Love yourself no matter what circumstances arise.
My father died when I was fifteen. His government securities helped me through life from that age to 22. I attended college but didn’t finish. Left the comfort of school, got a job, and never felt the same after emotional abuse by a Vietnam veteran that road me long and hard.
I was never the same. I started to recognize I have been smart but slow all my life. Not catching on to wordly things but wanting to please my mother and to exemplify the training she gave me. Thank God for it, it gave me a point of steadiness in that way. I lived with a broken heart time and again because I felt that I just couldn’t get things right. Seems like I didn’t have any plans or goals. I was just a person that tried too hard to grab hold when it was already there.
Chemical imbalances run in my family. With the discouragement of loving a father that people called a “crazy man” because he couldn’t handle his liquor and a mother who had to deal with two abusive husbands I was pretty much destined for a life of long suffering. In spite of my frail attempts to find normalcy, and the beginnings of my own chemical imbalances, I was just about worn ragged. No one knew because I didn’t know how to reach out. It has been over 30 years now and I am still finding ways to requite my illness. Sometimes it gets pretty hairy. Sometimes it’s a day of magic when I realize I am now my own person. I’m married now to someone who needs me as much as I need him.

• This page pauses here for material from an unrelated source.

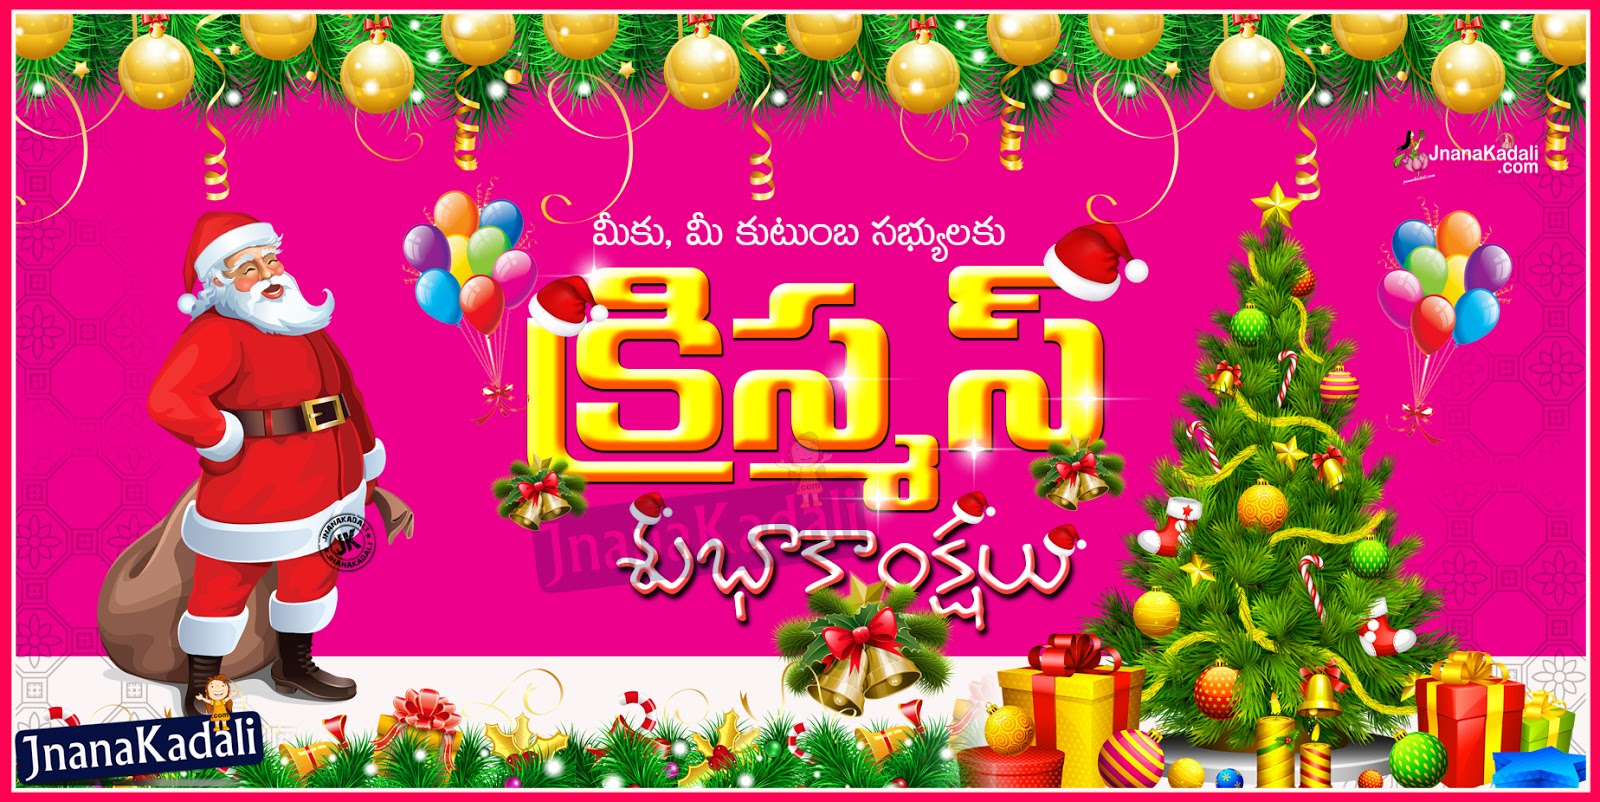 Here is Happy Christmas Telugu sms messages for whatsapp Best christmas greetings in telugu

He gives me the strength of companionship. I’m not alone anymore.
God knows everything. He knew my father was one of the finest, most generous men there was. He just had a problem. Thank God for understanding employers who admired his work ethic and forgot the rest. My mother never did remarry and was a strong, dignified lady until the end of her life.

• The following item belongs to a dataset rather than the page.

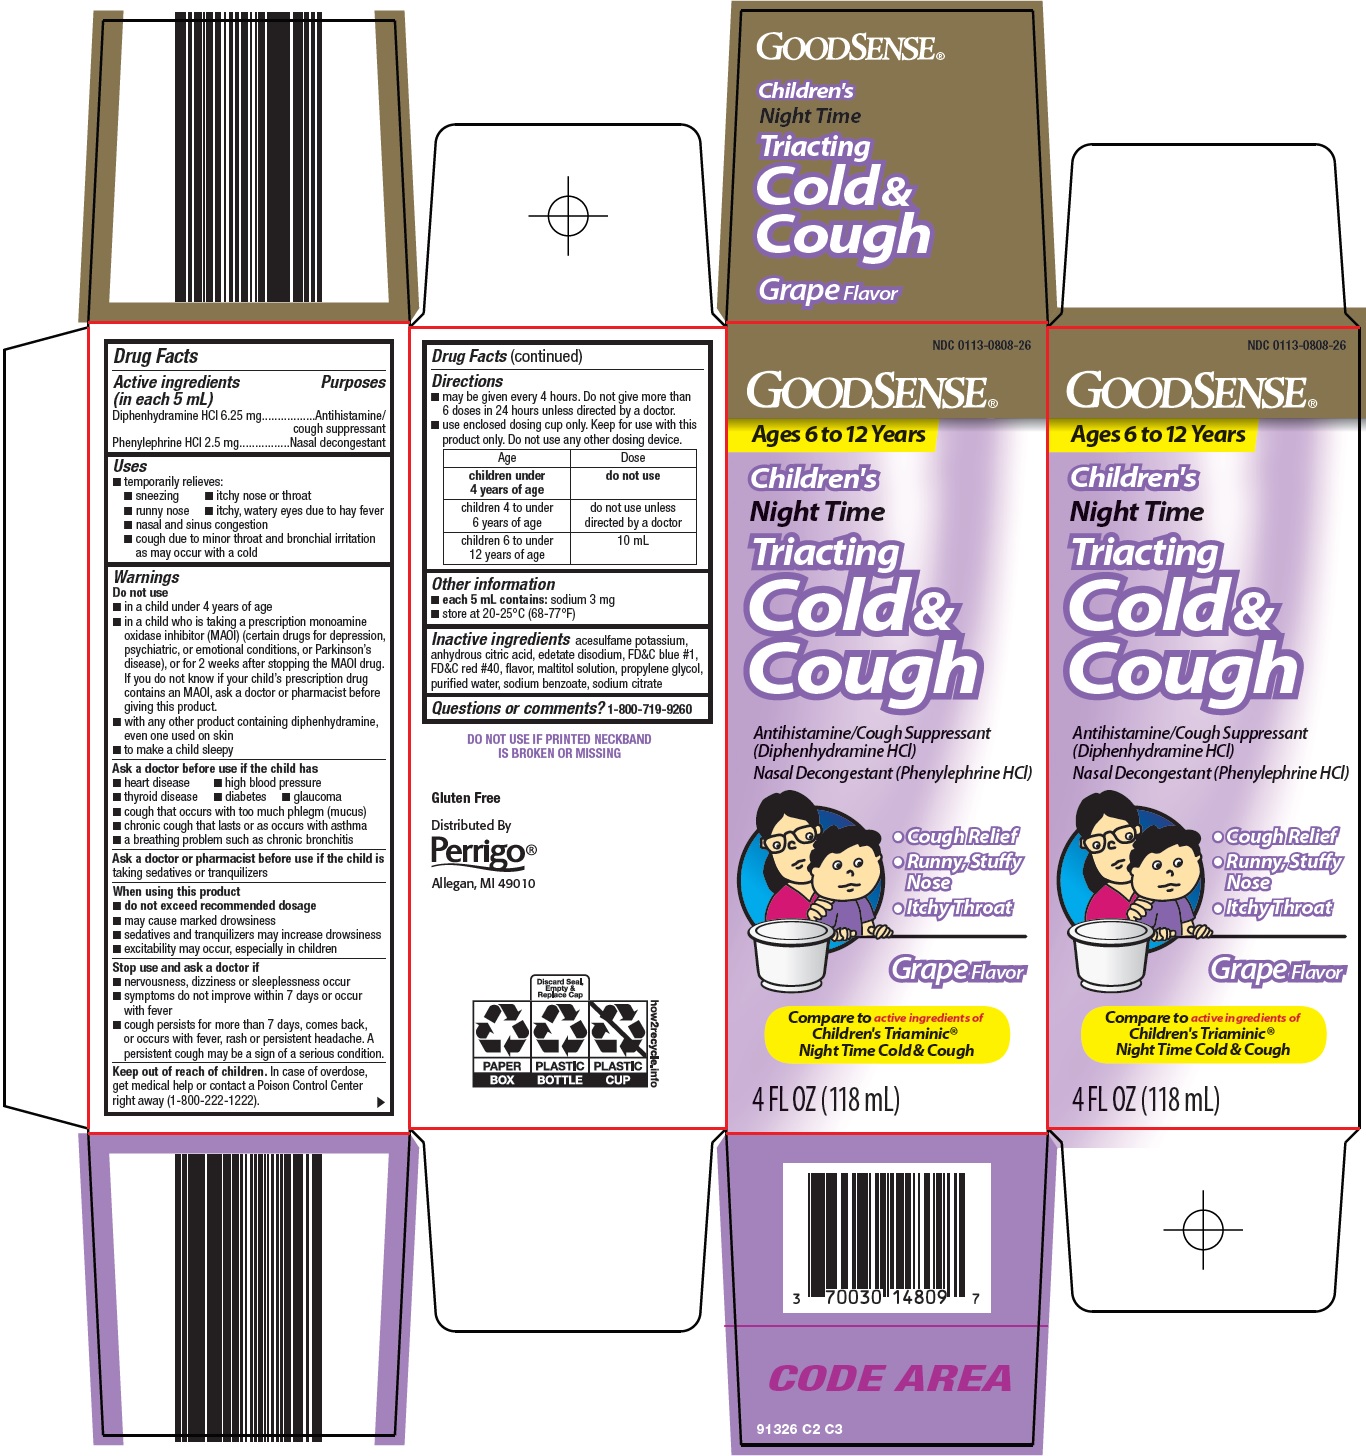 Children's Night Time Triacting Cold & Cough Carton

For me, being 50ish has given me a new world to discover. I have love, at least I’m sure I love him and just pray about his part. Thinking negative is a hard habit to break. I’m looking forward to something new to still my delicate soul. To be whimsical about the past but leave it there. To put my future in God’s hands because only he can take a problem and make it into a faithful, gracious situation.
I remember a song from my youth. I can’t remember if I learned it in church or in school but it beckons “let there be peace on earth and let it begin with me”. God bless me, bless my family and come back Elaine.